# Measuring Completeness

**Activity Overview**: Evaluate data completeness by checking missing data rates and handling partially available records.

## Title: Customer Profiles

**Task**: Calculate the missing data rate for customer profiles.

**Steps**:
1. List all required fields for a complete customer profile (e.g., name, address, email,
phone number).
2. Analyze the dataset to count how many profiles have missing fields.
3. Calculate the percentage of missing data fields across all profiles.

In [1]:
# Write your code from here
import pandas as pd

print("\n--- Calculate Missing Data Rate for Customer Profiles ---")

# --- Configuration ---
DATASET_PATH = 'customer_profiles.csv'  # Path to your customer profile dataset
REQUIRED_FIELDS = ['name', 'address', 'email', 'phone_number']  # List your required fields

try:
    # Load the dataset
    customer_profiles = pd.read_csv(DATASET_PATH)

    # Initialize counters for missing fields
    total_profiles = len(customer_profiles)
    total_missing_fields = 0

    # Iterate through each required field and count missing values
    missing_counts = {}
    for field in REQUIRED_FIELDS:
        if field in customer_profiles.columns:
            missing_count = customer_profiles[field].isnull().sum()
            missing_counts[field] = missing_count
            total_missing_fields += missing_count
        else:
            print(f"Warning: Required field '{field}' not found in the dataset.")
            missing_counts[field] = 0  # Treat as 0 missing for calculation

    # Calculate the total number of expected fields across all profiles
    total_expected_fields = total_profiles * len(REQUIRED_FIELDS)

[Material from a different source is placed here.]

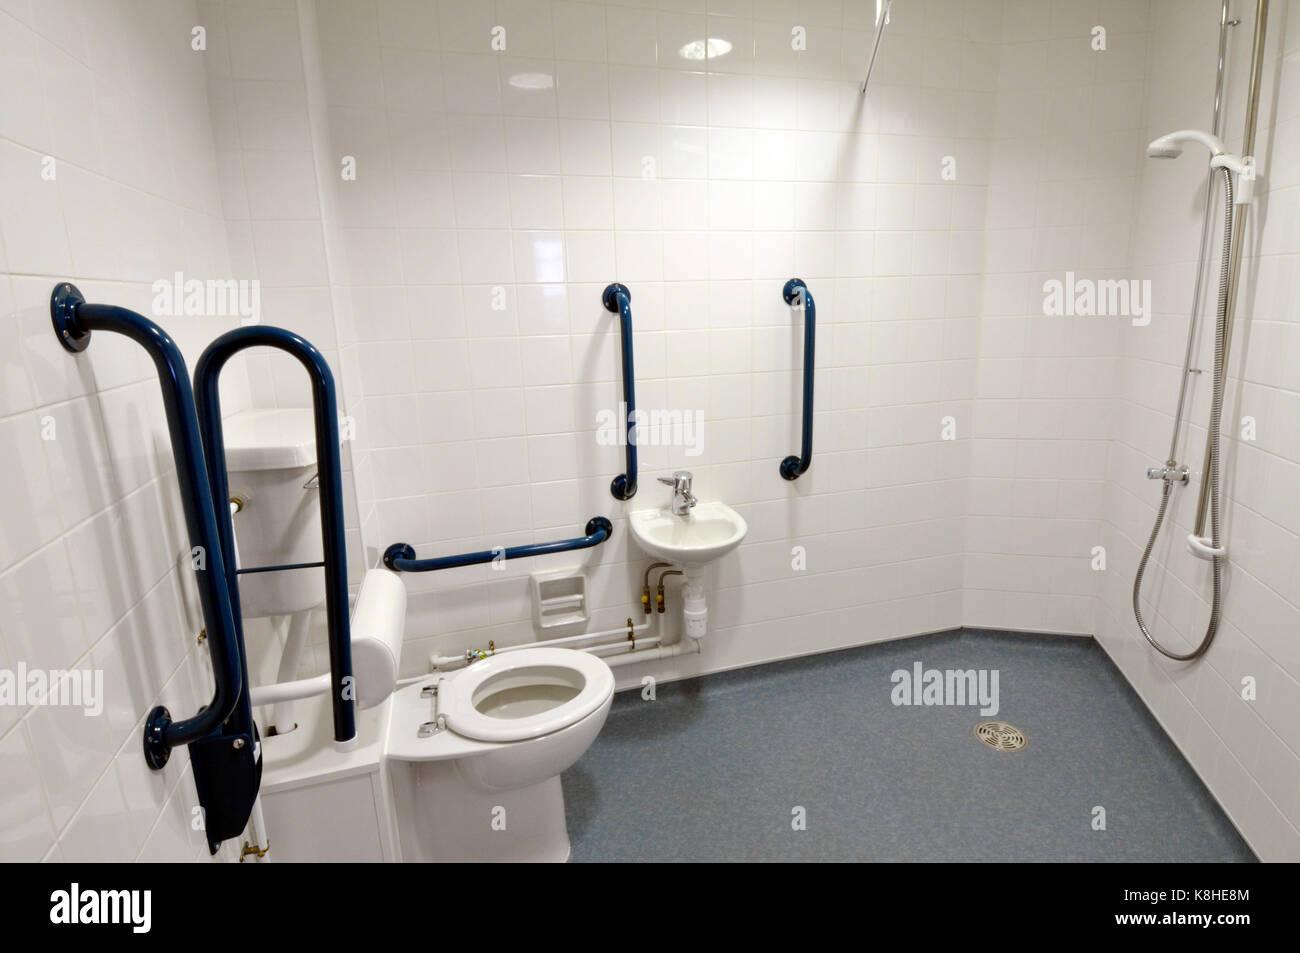 Toilettes et salles de lavage dans un immeuble de bureaux modernes

    # Calculate the overall percentage of missing fields
    if total_expected_fields > 0:
        overall_missing_percentage = (total_missing_fields / total_expected_fields) * 100
        print(f"\nTotal number of customer profiles: {total_profiles}")
        print("Missing counts per required field:")
        for field, count in missing_counts.items():
            print(f"- {field}: {count}")
        print(f"\nOverall percentage of missing data across all required fields: {overall_missing_percentage:.2f}%")
    else:
        print("No required fields specified or dataset is empty.")

except FileNotFoundError as e:
    print(f"Error: The CSV file '{DATASET_PATH}' was not found: {e}")
except Exception as e:
    print(f"An unexpected error occurred: {e}")


--- Calculate Missing Data Rate for Customer Profiles ---
Error: The CSV file 'customer_profiles.csv' was not found: [Errno 2] No such file or directory: 'customer_profiles.csv'